Landmark judgment confirms local authorities may avoid putting all services out to tender
A landmark judgment has been handed down by the Supreme Court this
morning which confirms the extent to which public sector bodies
need comply with EU Directives and Regulations when placing
contracts for goods and services.
The Supreme Court in the case of
Harrow LBC (Brent LBC and LAML) v Risk Management
Partners Ltd (2011), has decided that a
contract does not need to go out to tender if that contract is with
an entity which is owned by the authority (in whole or in part) and
concerned only with delivering services to the local authority–
notwithstanding the Public Procurement Regulations 2006.
This ruling – which is a reversal of the High
Court and Court of Appeal rulings and is the final judgment in a
case that has run over four years – permits such authorities to
avoid procurement laws altogether, subject to certain
conditions.
Further, the judgment stated that the
contracting authority can be one of several members of the
entity/company and so for these purposes, collective control will
suffice and no one authority need have a controlling interest in
the traditional sense.
Michael Green, partner at law firm Weightmans
LLP, who advised and represented both Harrow LBC and LAML
throughout the case and said:
“This ruling provides certainty on how the
Procurement Regulations will be applied.
“The Supreme Court decided that the EU
directive on procurement was never intended to protect the private
sector and this ruling could now pave the way for public sector
bodies to join together and deliver shared services in a wider
context
Facts of the case
Harrow London Borough, acting in collaboration
with a number of other local authorities, had established and
capitalised a mutual insurance company (LAML). It awarded
insurance contracts to the newly formed mutual without running any
procurement exercise.
The respondent Risk Management Partners,
brought proceedings challenging the right of Harrow and other local
authorities to provide this service from their own resources and
award contracts without any competitive tendering process.

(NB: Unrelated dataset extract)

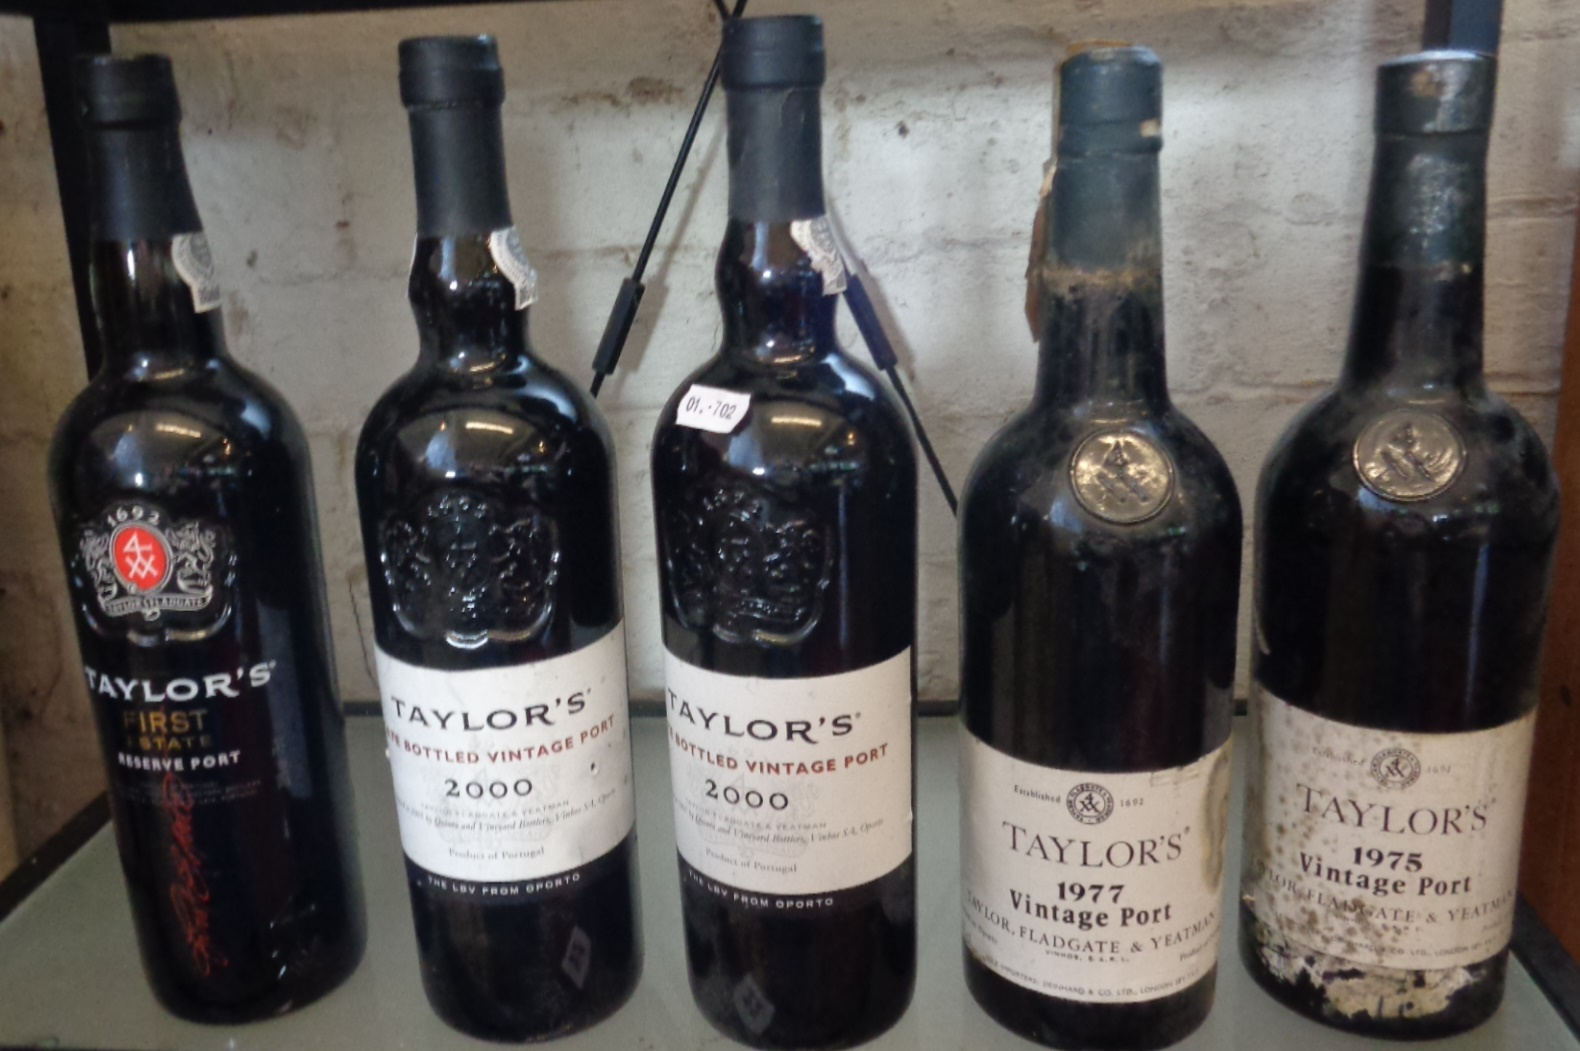 Lot 22 - Five bottles of Taylor's vintage port - First Estate Reserve, 2000 x 2, 1977 and 1975

It contended, among other things, that this
constituted a breach of the EU Procurement Directive requirement
and the Regulations that major contracts for such services be
subjected to competitive third party tender.
Issues
Harrow LBC contended that its actions meant it
fell out with the Regulations due to the Teckal exemption,
established by EU case of Teckal srl v. Comune di Viano and
Azienda Gas-Acqua Consorziale (AGAC) di Reggio Emilia (C-107/98)
[1999] ECR I-8121.
Harrow contended this case and other ECJ case
authorities permitted Local Authorities cooperating to provide
themselves with, in this case, insurance coverage as a way of
excluding themselves from the obligations conferred by the EU
Procurement Directive and the Public Procurement Regulations
2006.
Harrow argued it was able to avoid the
provisions of the regulations and was not compelled to put out to
tender a contract for the provision of insurance services. This
view has now been endorsed by the Supreme Court.
Ramifications
Michael Green explained that the judgment
could have a significant impact for the public sector.
“The judgment may advance the ability of
public sector bodies to cooperate and deliver shared services
without the need to run formal procurement exercises, allowing them
to keep delivery of such services in house.”